The model is built on a frame-level autoregressive architecture and achieves 20.7 FPS on a single NVIDIA H100 GPU, supporting video generation up to 240 seconds long. Fine-tuning the 1.3 billion parameter model for minute-long video generation took 32 GPU-days. Researchers employed a key-value recaching mechanism (KV-recache) for smooth prompt transitions without abrupt visual jumps, streaming long tuning on long sequences, and short window attention combined with frame-level attention sink to accelerate inference. Code for training and inference, model weights, and a demo page with examples are publicly available on GitHub.
LongLive is built on the Wan2.1-T2V-1.3B model. Researchers applied fine-tuning using their own methods: key-value recaching, streaming long tuning, and short window attention with frame sink. Training requires significant computational resources — 64 H100 GPUs for 12 hours (32 GPU-days), while inference requires only one H100 GPU.

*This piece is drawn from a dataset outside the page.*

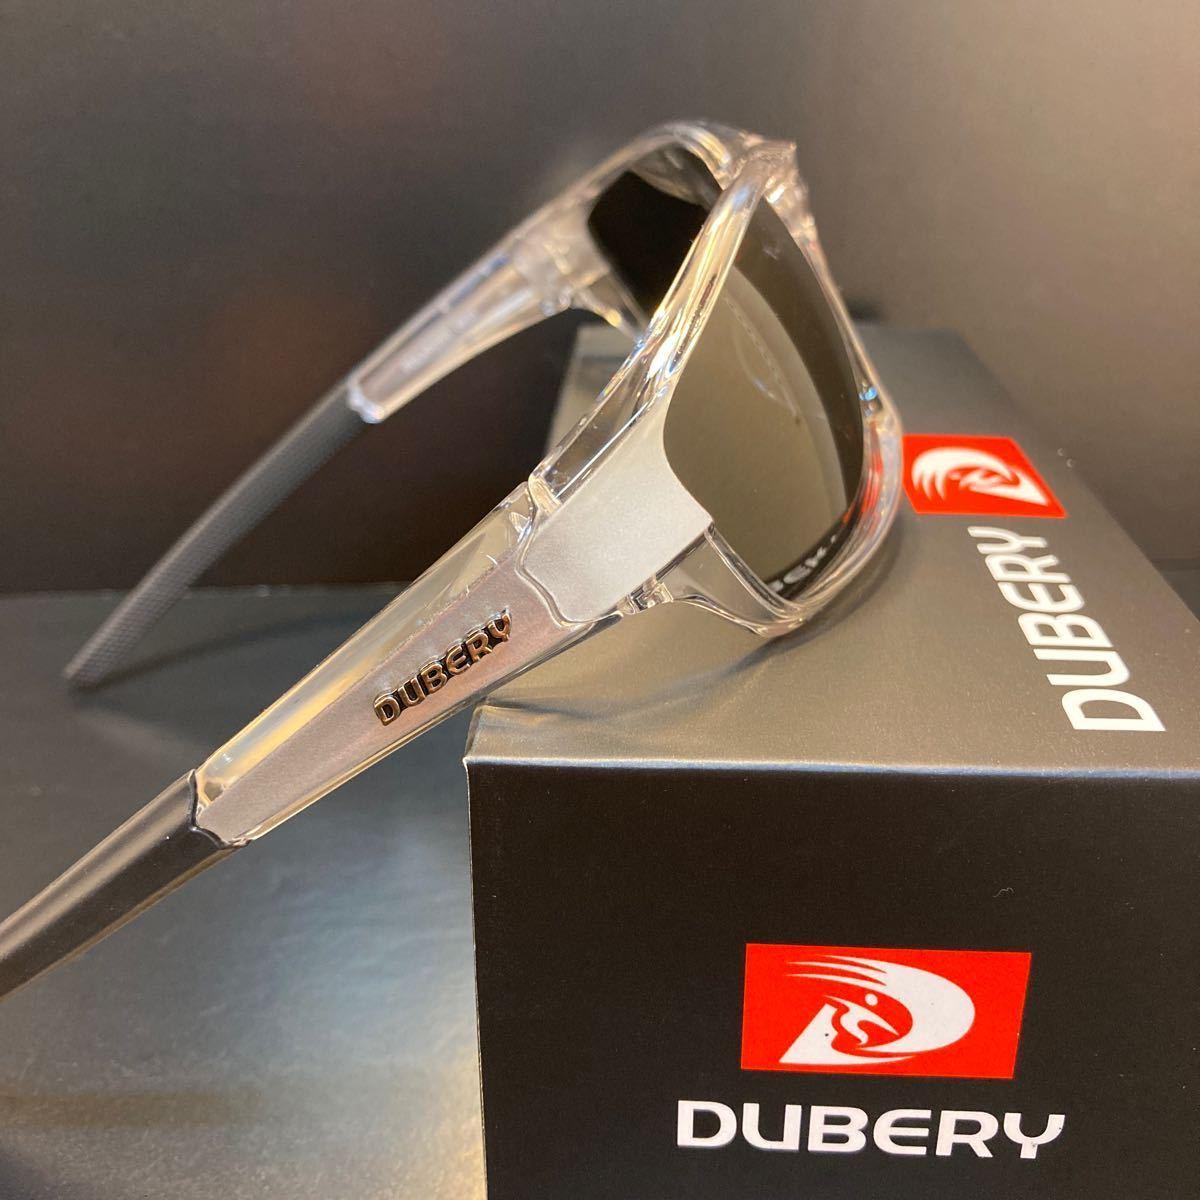 DUBERY 偏光 サングラス UVカット 新品 送料無料 ブラックレンズ シルバークリア 即決 バス釣り 釣り サイクリング エギング

Architecture and Key Components

LongLive is built on the Wan2.1-T2V-1.3B model, which generates 5-second clips at 16 FPS with 832×480 resolution. The authors adapted the pretrained model into a frame-level autoregressive architecture with causal attention, enabling KV-caching for efficient inference.

LongLive architecture: processing sequential prompts using a 2.5-second attention window instead of the standard 5 seconds and frame sink to maintain long-range frame consistency

KV-recache Mechanism

When switching prompts, the model recalculates the key-value cache, combining already generated frames with new prompt embeddings through cross-attention layers. This eliminates residual semantics from the previous prompt while maintaining visual motion continuity. Experiments confirm that complete cache clearing leads to abrupt visual breaks: Background Consistency 92.75, Subject Consistency 89.59; retaining the old cache causes delays in following new prompts: CLIP Score 25.92; while KV-recache achieves optimal balance: Background Consistency 94.81, Subject Consistency 94.04, CLIP Score 27.87.

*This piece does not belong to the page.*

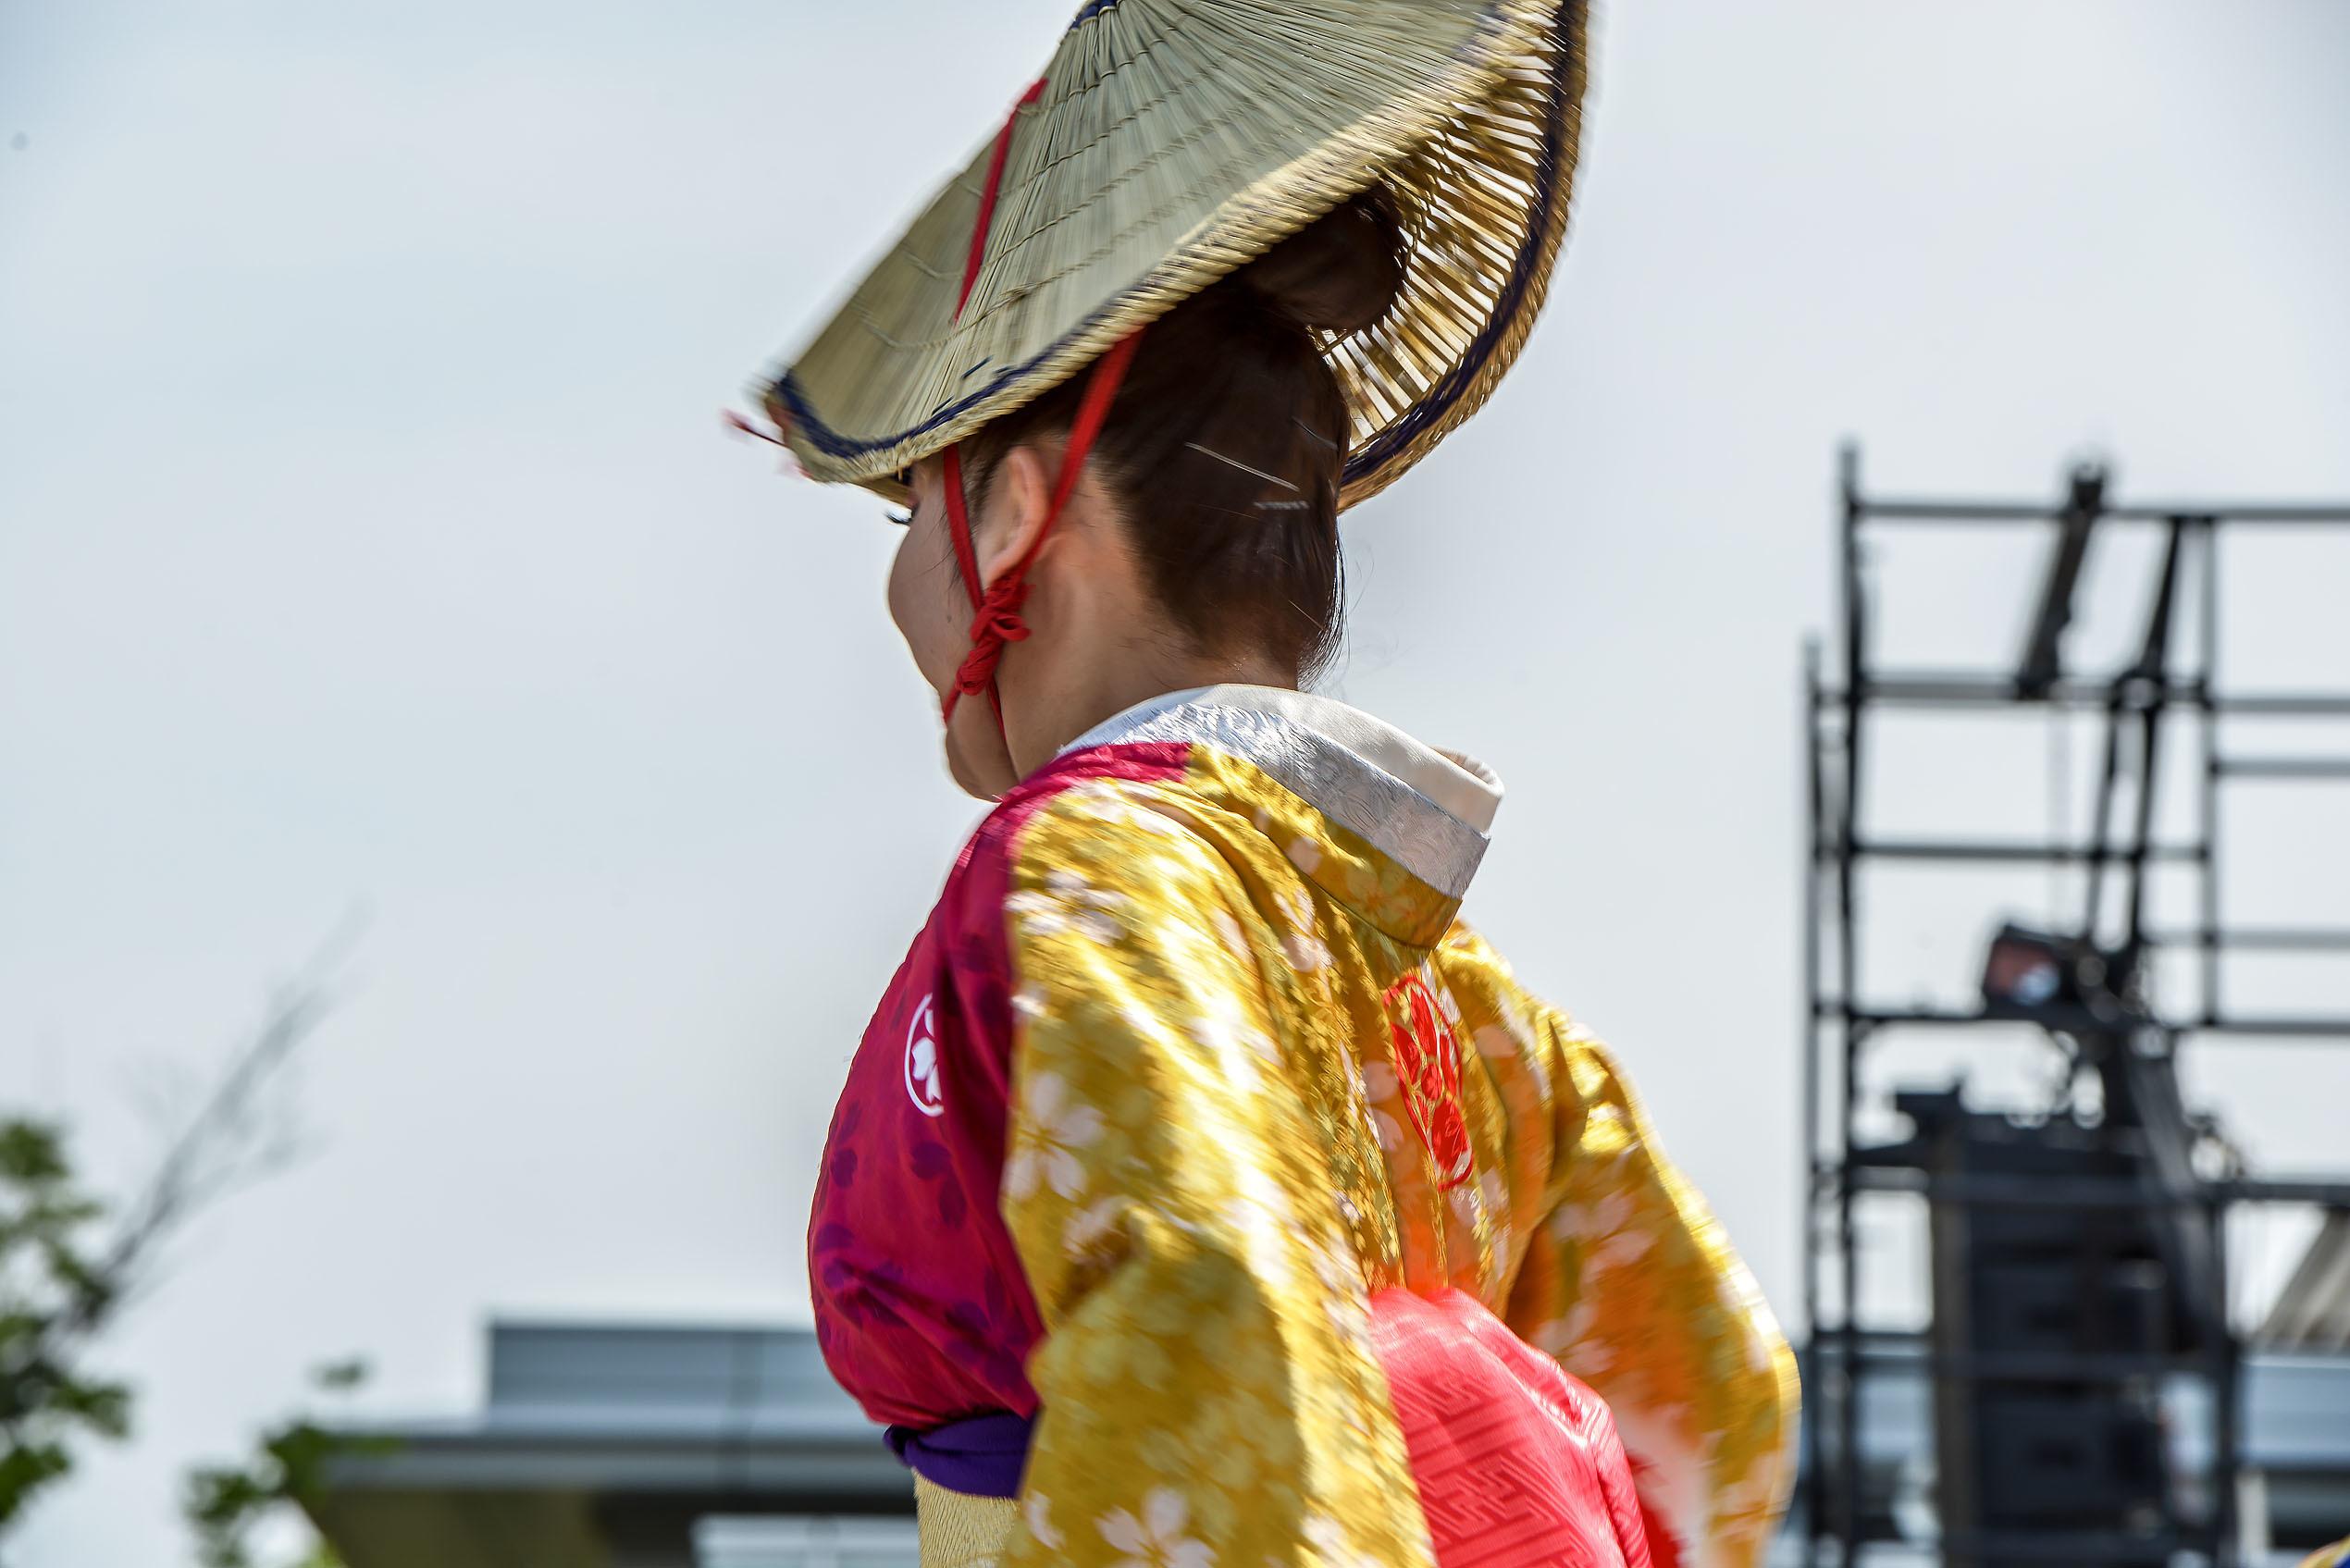 四国の祭り 2019 今年も元気よく_d0246136_00020722.jpg

Streaming long tuning is a training strategy that eliminates the train-short–test-long mismatch. At each iteration, the model generates the next 5-second clip using the saved KV-cache from the previous iteration, applying DMD (Distribution Matching Distillation) only to the new clip. The process repeats until reaching maximum length (60 or 240 seconds). The teacher model Wan2.1-T2V-14B provides reliable supervision for the current clip, while already created frames are excluded from computations, preventing memory overflow.

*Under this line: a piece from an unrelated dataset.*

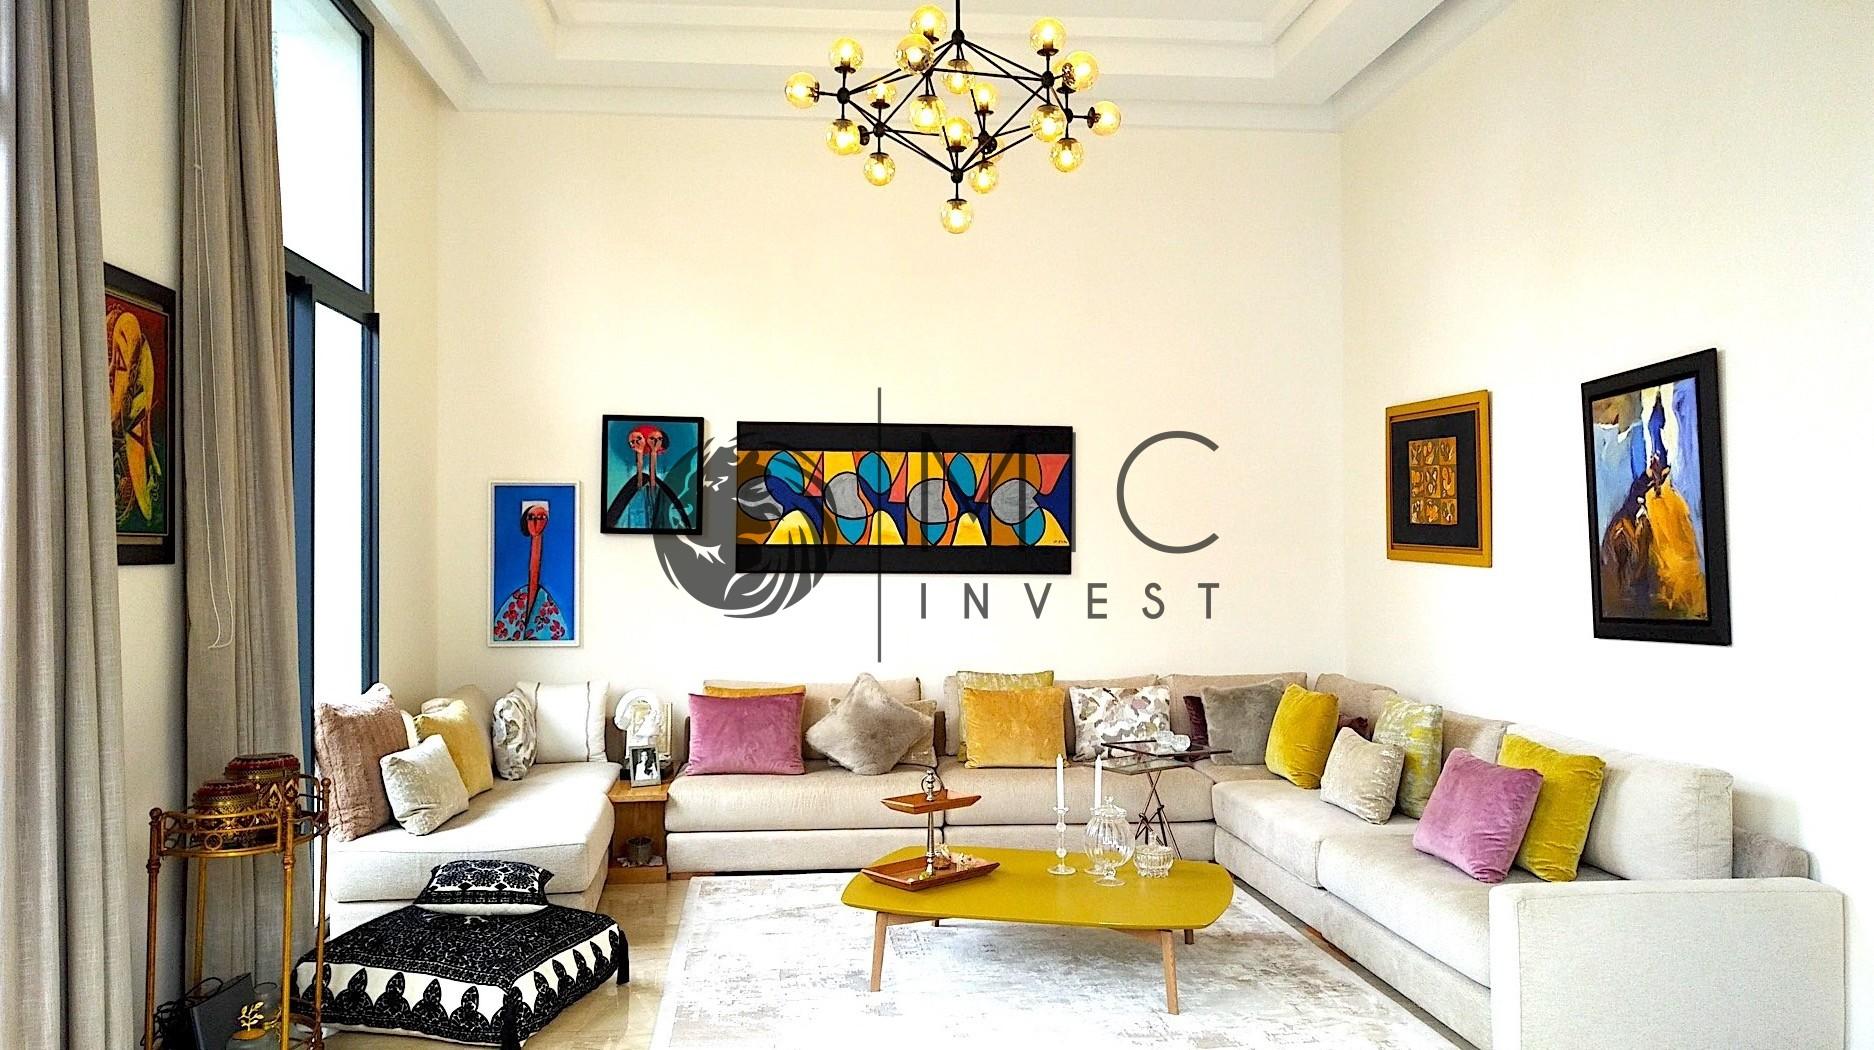 Vente <strong>Villa</strong> Casablanca Dar Bouazza <strong>330 m2</strong>

comparison methods — Training approach comparison: (a) Short tuning trains only on 5-second clips, (b) Naive long tuning causes OOM and incorrect supervision, (c) Streaming long tuning reuses historical KV-cache at each iteration to generate the next clip

Short window attention and frame sink radically reduce computational costs. Local attention window is limited to 9 latent frames instead of the standard 21, while the first chunk of 3 latent frames is fixed as frame sink — global tokens permanently accessible for attention across all layers. Ablation on 20-second videos shows that short window without frame sink reduces Consistency Score to 90.6 with a 12-frame window, while adding frame sink restores the metric to 94.1 with an effective window of only 12 frames (9 local + 3 sink). This provides 28% faster inference time and 17% reduced peak memory consumption on a single H100 GPU.

longlive training — Qualitative comparison on 20-second video: large window (Window 21) vs. short window (Window 12) vs. short window with frame sink (Window 9 + Sink 3). Frame sink restores long-range consistency while maintaining short window efficiency

Results

Short videos (VBench). LongLive demonstrates quality on par with the best baseline models at maximum generation speed — 20.7 FPS, which is 26× faster than the Wan2.1 diffusion model and 42× faster than SkyReels-V2.

30-second long videos (VBench-Long). LongLive leads in overall quality while maintaining high generation speed.

results 2 — Evaluation of 30-second video generation on VBench-Long. LongLive shows best results across all metrics while maintaining high speed

60-second interactive generation. To evaluate interactive mode, researchers created a dataset of 160 videos with six sequential prompt switches. LongLive shows stable instruction following throughout the video, while competitors exhibit more significant degradation. A user study with 26 participants across four criteria (overall quality, motion quality, instruction following, visual quality) confirms LongLive’s advantage.

Training Efficiency

Fine-tuning the 1.3 billion parameter model for 60-second video generation takes 12 hours on 64 H100 GPUs (32 GPU-days). Using LoRA with rank 256 makes only 27% of parameters trainable (350 million out of 1.3 billion), reducing memory requirements by 73% compared to full fine-tuning.

Quantization. INT8 quantization compresses the model from 2.7 GB to 1.4 GB and accelerates inference from 12.6 to 16.4 FPS on NVIDIA 5090 GPU with minimal quality degradation.

LongLive scales to 240-second videos on a single H100 GPU while maintaining high visual fidelity and temporal coherence.